Estampe

Date 08-04-2014 19:10:00 | Catégorie : Nouvelles confirmées


Cela fait quatre vingt deux mois qu’il ne s’est plus rasé!
Le seul soin qu’il apportait à sa barbe étaient de rares coups de ciseaux sommaires.
Il ne se rasait plus, car en quatre vingt deux mois il n’avait pas connu Rachel.
Elle lui a dit, narquoise: « à bas les masques à poils !»

Paul lui a prêté, à contre cœur, son nécessaire de rasage.

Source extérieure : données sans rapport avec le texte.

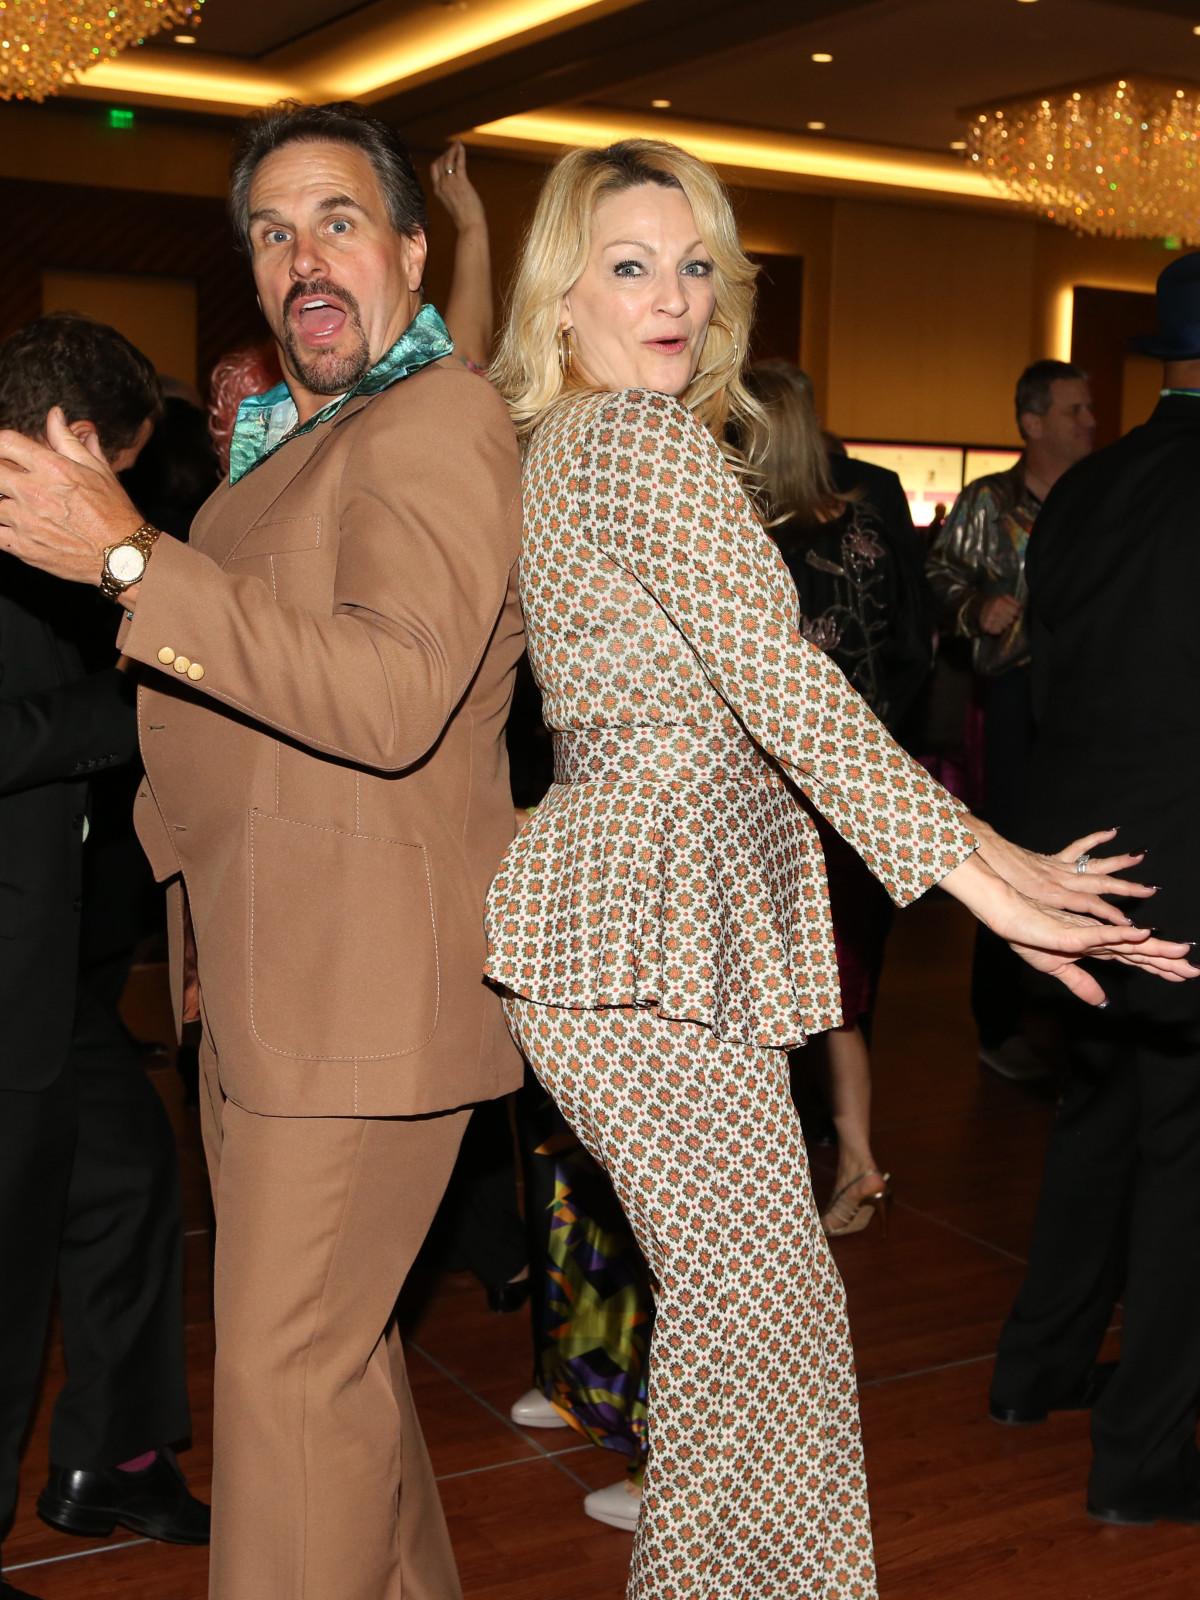 Duke and C.C. Ensell at Houston Area Women's Center Gala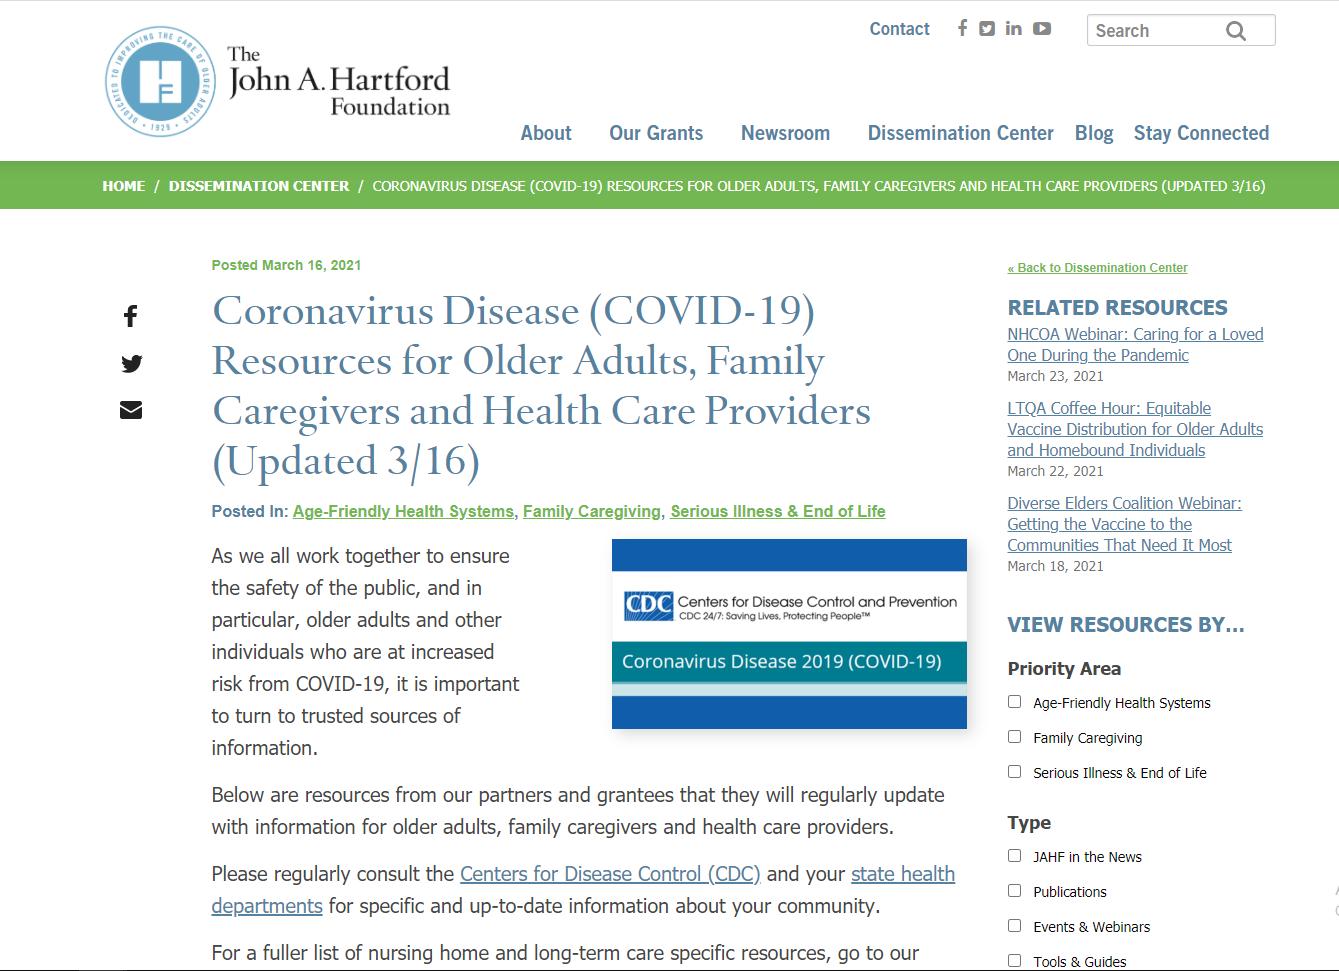 Coronavirus Disease Resources

Tout d’abord, avec des ciseaux, il élague sa barbe.
Ensuite le blaireau brasse du savon dans un bol de cuisine.
Une serviette sur l’épaule, il est devant une fenêtre qui donne sur décembre.
Le restant roux de sa barbe est maintenant d’une blancheur onctueuse,
effacée seulement, sous la narine gauche, par une coulée muqueuse.

Il engage la boucle au pommeau de la crémone et il tend la ceinture.
La lanière accompagne la lumière déclive qui entre par les vitres.
Contre le cuir bandé, la lame du coupe-choux souffle des va et vient.
Au bout de chaque glissade remontant vers le jour,
l’acier dans une volte, ourle un rai de soleil.
A chacune des voltes, l’éclat de ce soleil chante par ses rayons de verre.

Il relève la tête pour dégager son cou, et le couteau crépite
en écumant la gorge.
Une inspiration longue lui plissent les yeux, le nez,
la lame s’immobile au maxillaire saillant, quand,
son souffle brutal s’écrase à la fenêtre.
Vincent regarde l’œuvre né d’un éternuement.
Il s’éprend de l’accord des tâches de savon, de salive et de sang.
Tandis que la serviette posée à son épaule s’abreuve de sève rouge,
Figé, Vincent s’émeut de fleurs de cerisiers dans les neiges tardives.